### What to work on:
With the pictures left aside, write out exactly the lines of the listing below from the line with "WHITE CHOCOLATE RASPBERRY" to the line with "OYO旅館 琴の滝荘 すさみ町 関連画像 6枚目 楽天トラベル提供", both included, and only those.

### Data section:

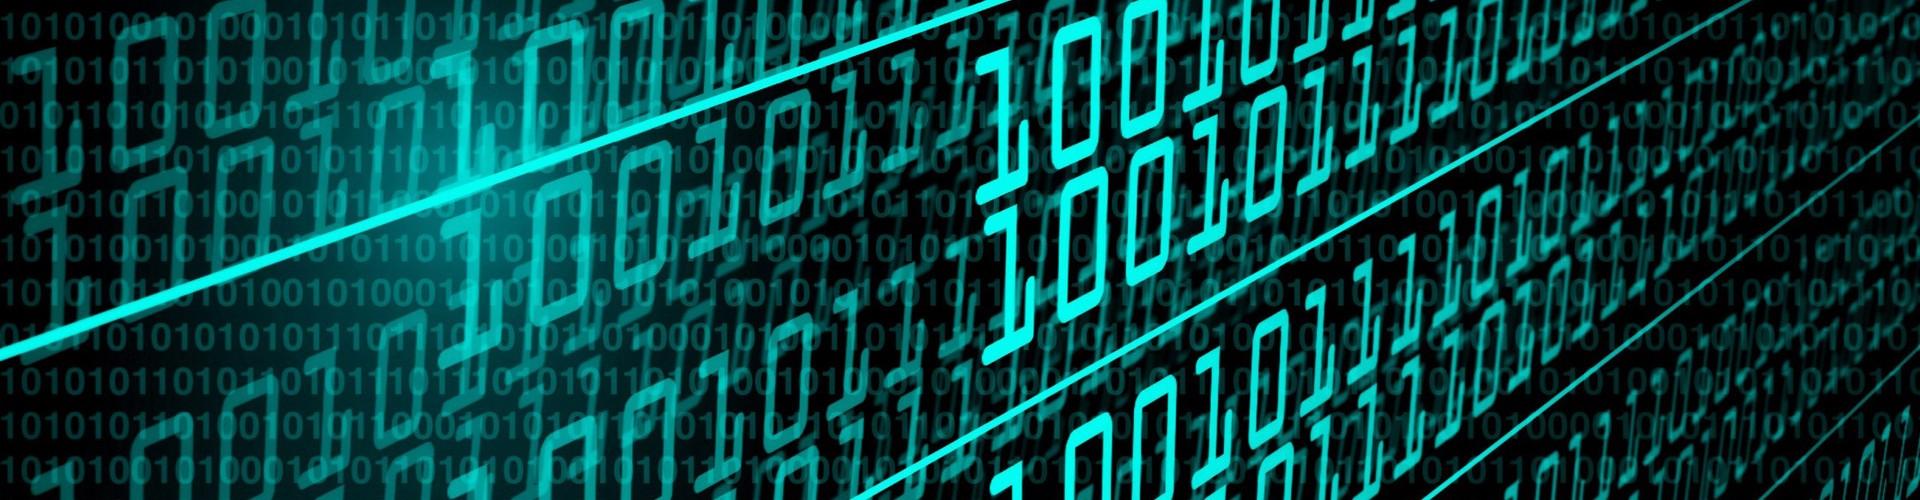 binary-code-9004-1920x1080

--

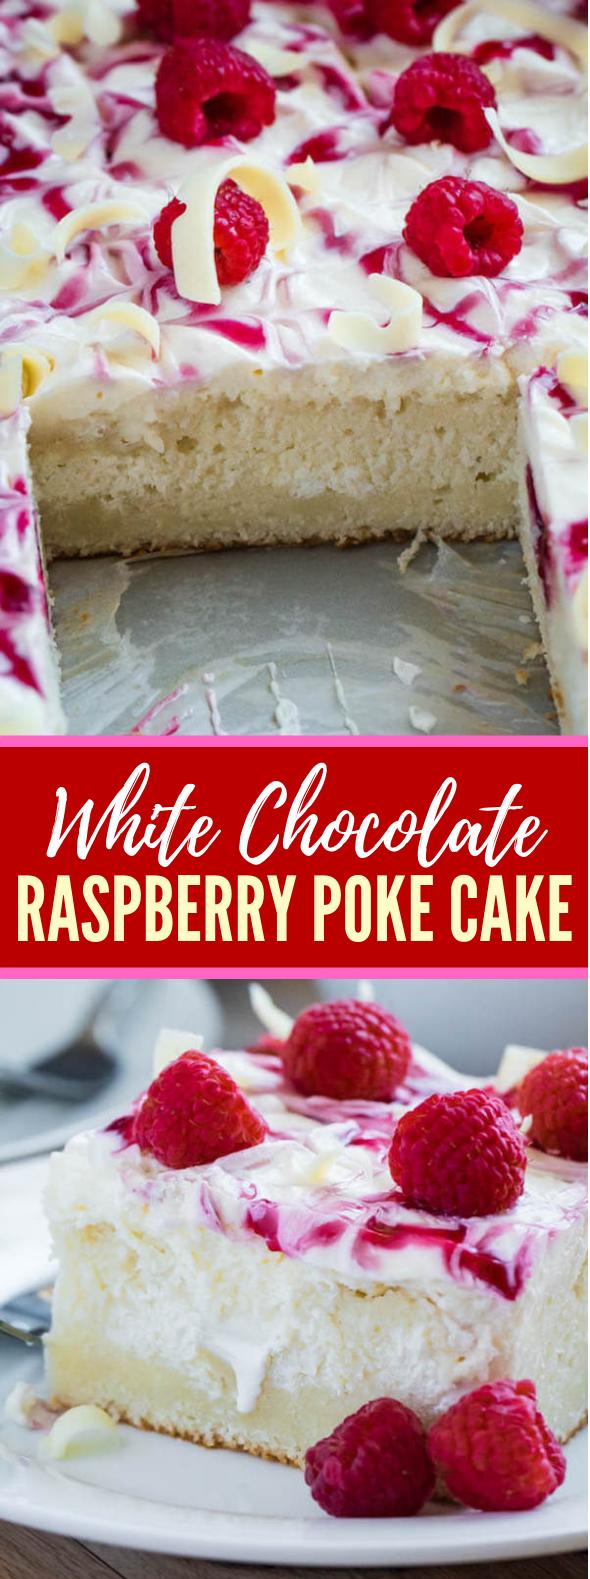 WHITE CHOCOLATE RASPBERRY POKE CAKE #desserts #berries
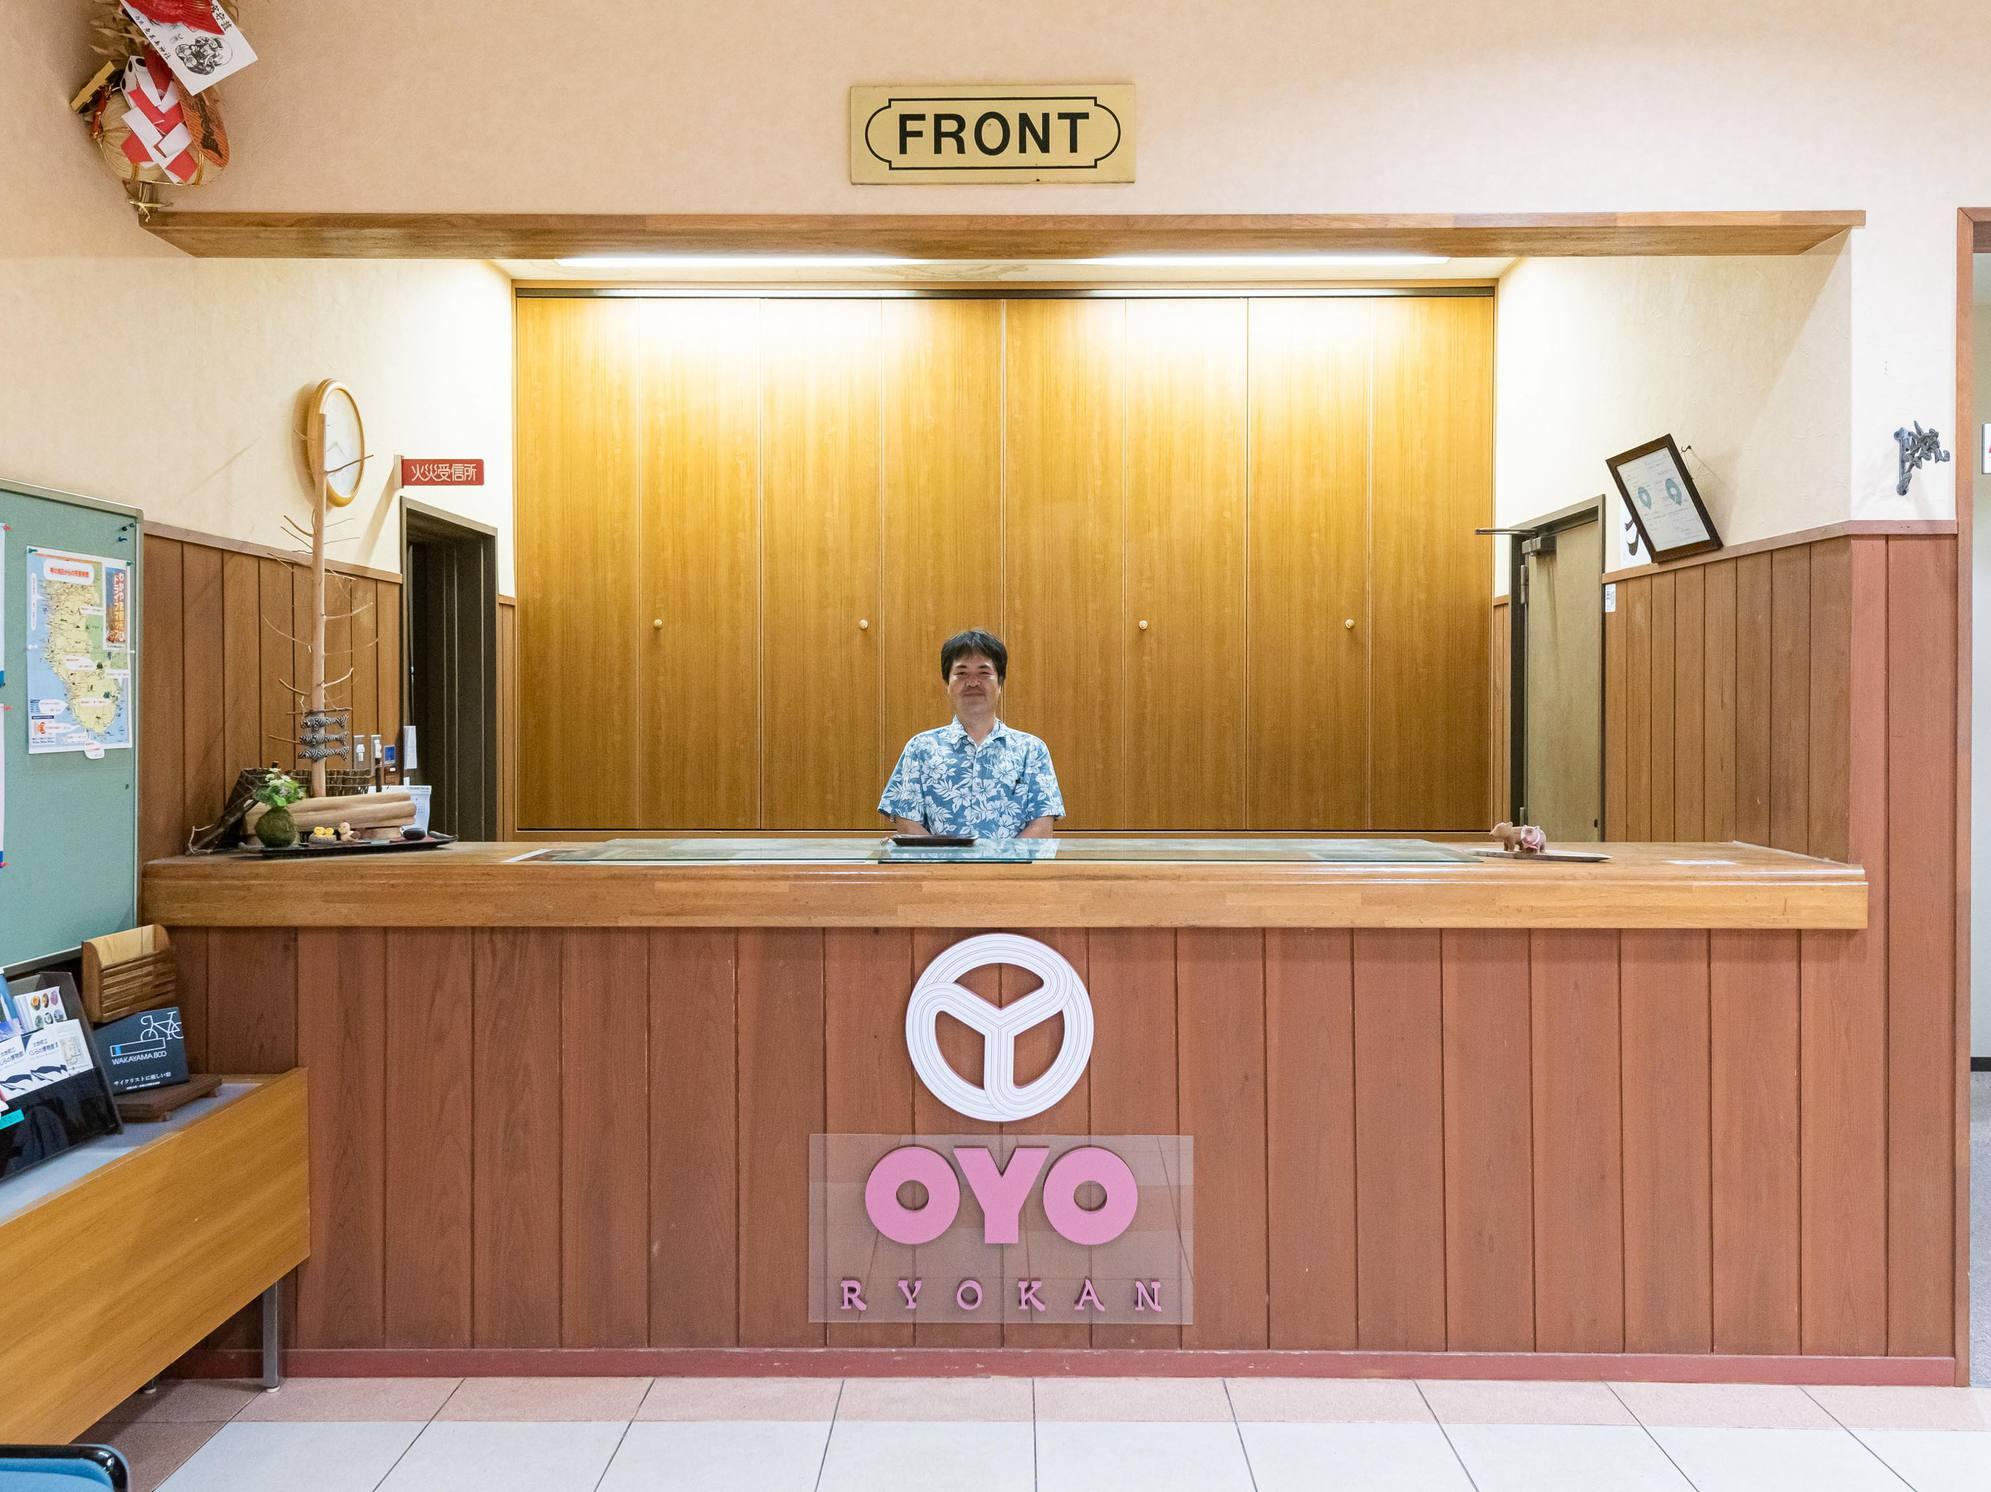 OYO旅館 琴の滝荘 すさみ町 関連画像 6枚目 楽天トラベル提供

* * *

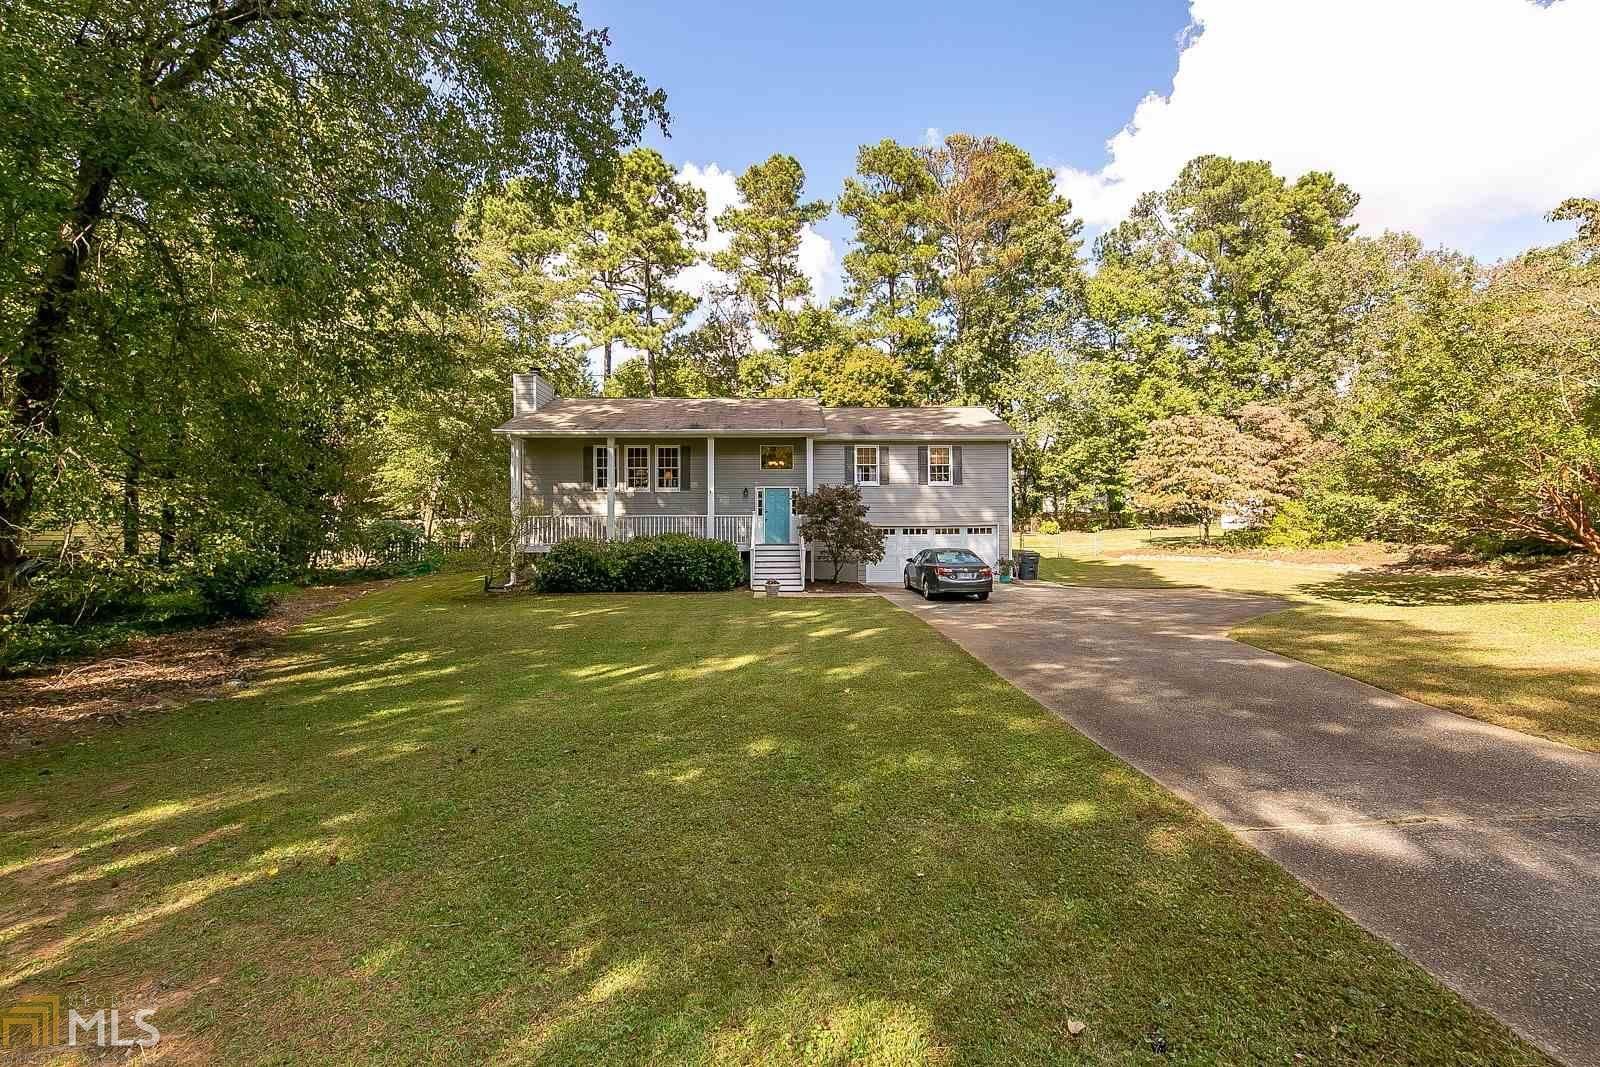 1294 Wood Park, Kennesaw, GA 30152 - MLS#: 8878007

### Result for this task:
 WHITE CHOCOLATE RASPBERRY POKE CAKE #desserts #berries
 OYO旅館 琴の滝荘 すさみ町 関連画像 6枚目 楽天トラベル提供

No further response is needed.